What you need to know about Alzheimer's disease
Some facts about Alzheimer's Disease
By Jim Huinink (with sources, as indicated below)
- Approximately 5 million Americans suffer from Alzheimer's Disease, according to the best estimates.
- Damage to the brain can begin as early as 10 or 20 years before any symptoms begin to manifest. Using brain imaging, these early signs are beginning to be tracked but there is still much research to be done.
- To a degree, individuals' risk of contracting Alzheimer's can be reduced through keeping the mind nimble and exercising memory.
- Other studies have shown that social activity is also beneficial in combating Alzheimer's Disease.
- There is some divergence of opinion when it comes to Alzheimer's and gender but a 2008 report put the risk ratio at 1:6 for women compared to 1:10 for men. The same magazine also reported that risk factors for each gender were different, with depression a contributing factor for woman and stroke the primary indicator for men. Read the report.

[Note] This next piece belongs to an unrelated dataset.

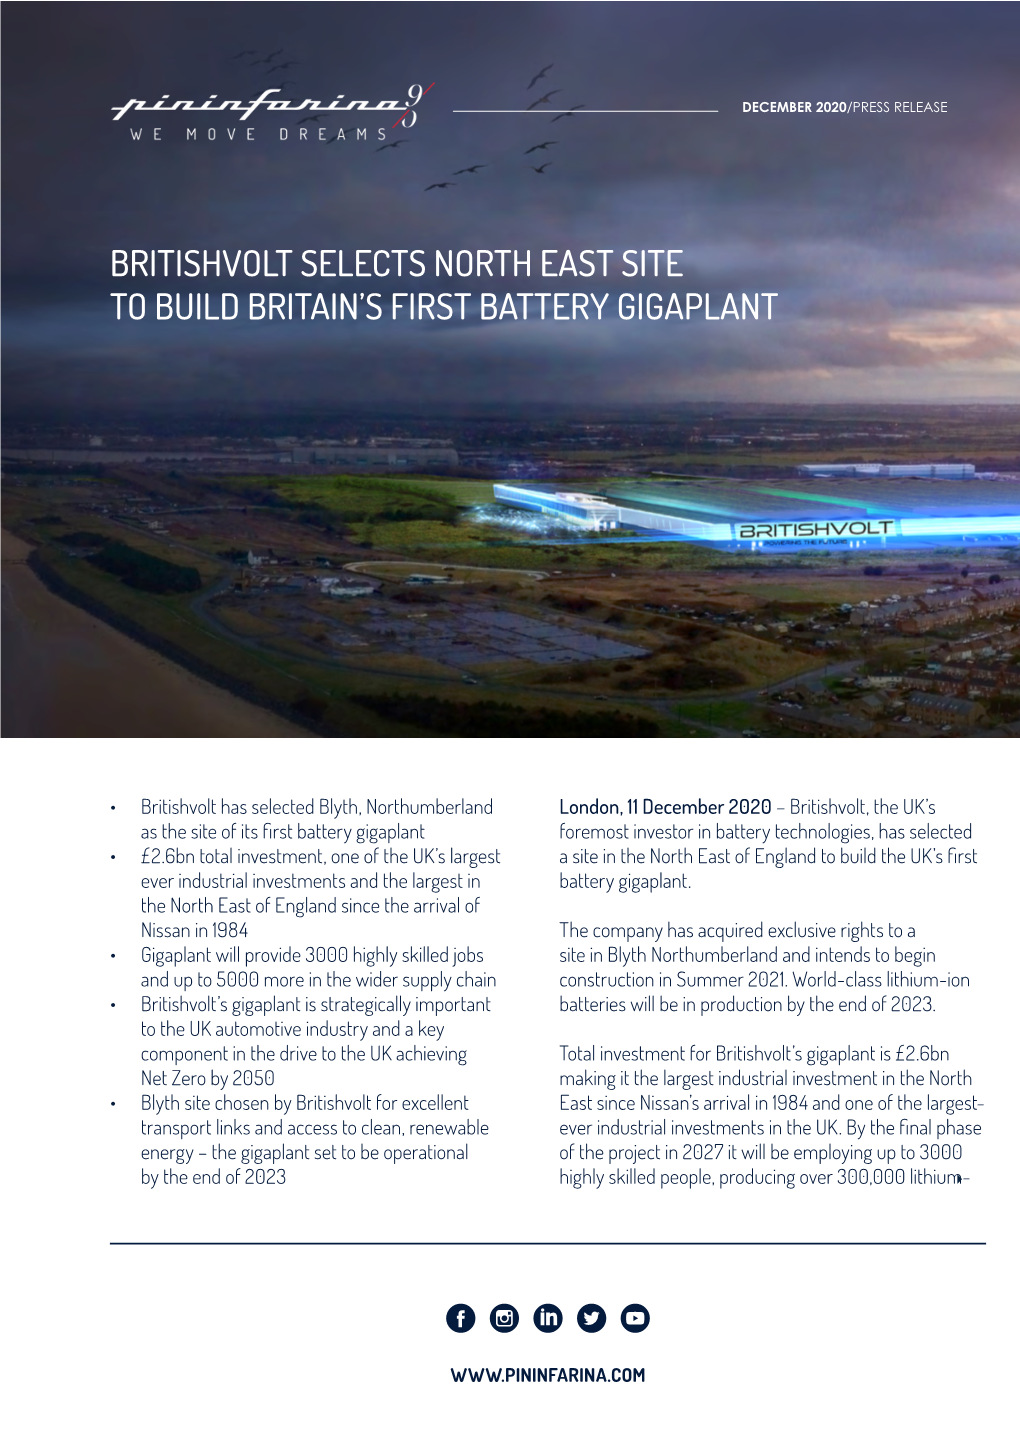 Britishvolt Selects North East Site to Build Britain's

- Prevalence over the age of 65. A US survey in 2010 pegged the percentage of those with Alzheimer's at one in eight or 13%.
- Denial and defensiveness common reactions of family members. "For families, it's a real struggle if a mother who was always sweet now wants control over everything and gets angry if she can't get it," according to Lynn Gallagher of Toronto's Family Service Association.

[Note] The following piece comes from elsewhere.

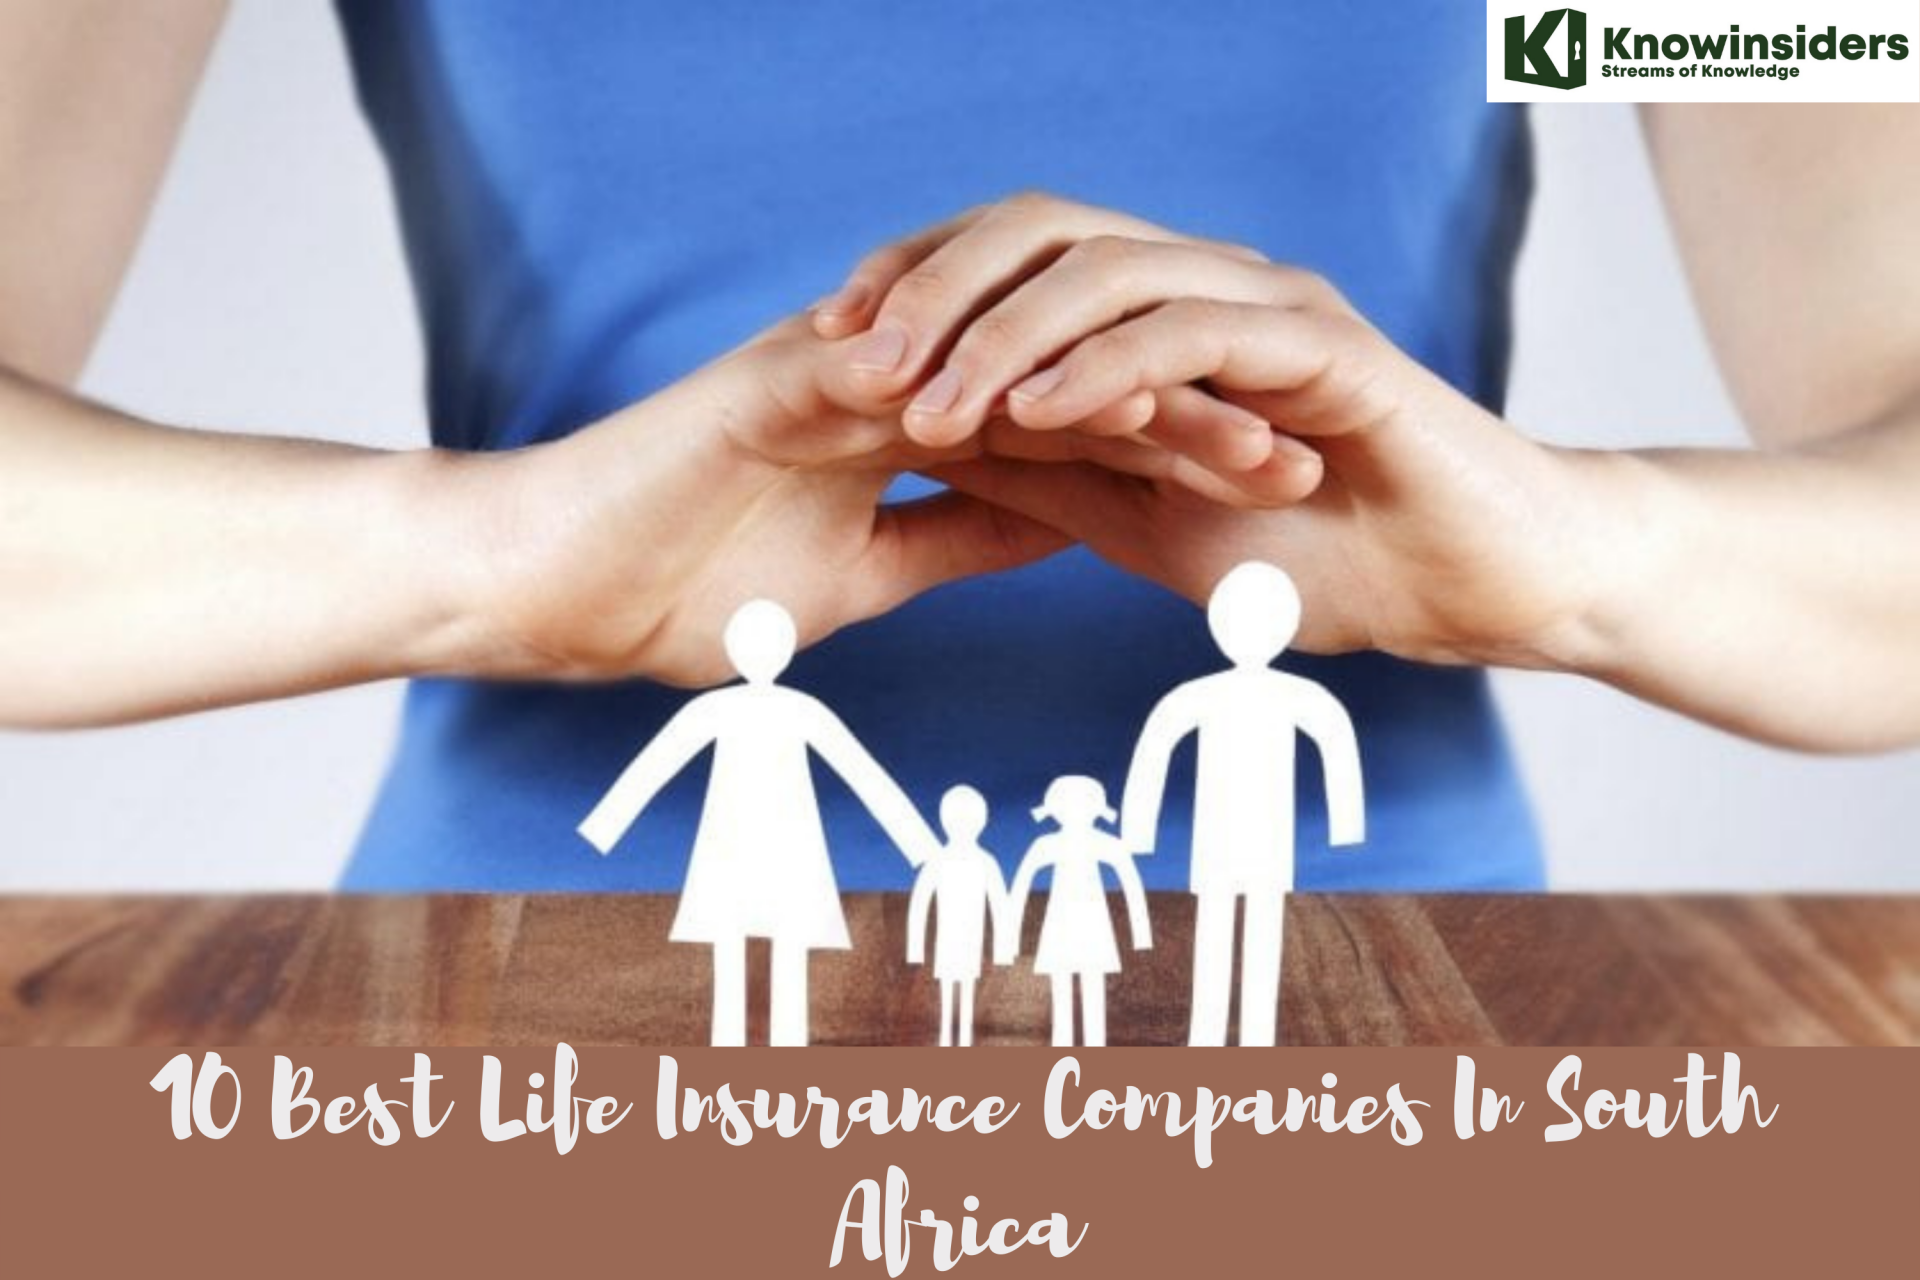 10 best life insurance companies in south africa cheapest quotes and good services

- Every day 1200 people are diagnosed with Alzheimer's Disease, according to Alzheimer's Reading Room. Approximately 100 Canadians every day are also diagnosed.
- Over 50% of Canadians' lives are affected by Alzheimer's Disease, in one way or another.
- Snoezelen therapy is still regarded as a worthwhile stimulant to reduce the risk of Alzheimer's Disease.
Alzheimer's Disease was named in the early 20th century by Dr. Alois Alzheimer, a German psychologist and neuropathologist, Alzheimer diagnosed alterations in the brain tissue of an autopsied patient, who had suffered from symptoms including memory loss and unpredictable behaviours. Significant findings of his examination were the presence of amyloid plaques and neurofibrillary tangles. Today, these are two of the three most prevalent features of Alzheimer's Disease, along with a loss of connection between brain neurons (nerve cells).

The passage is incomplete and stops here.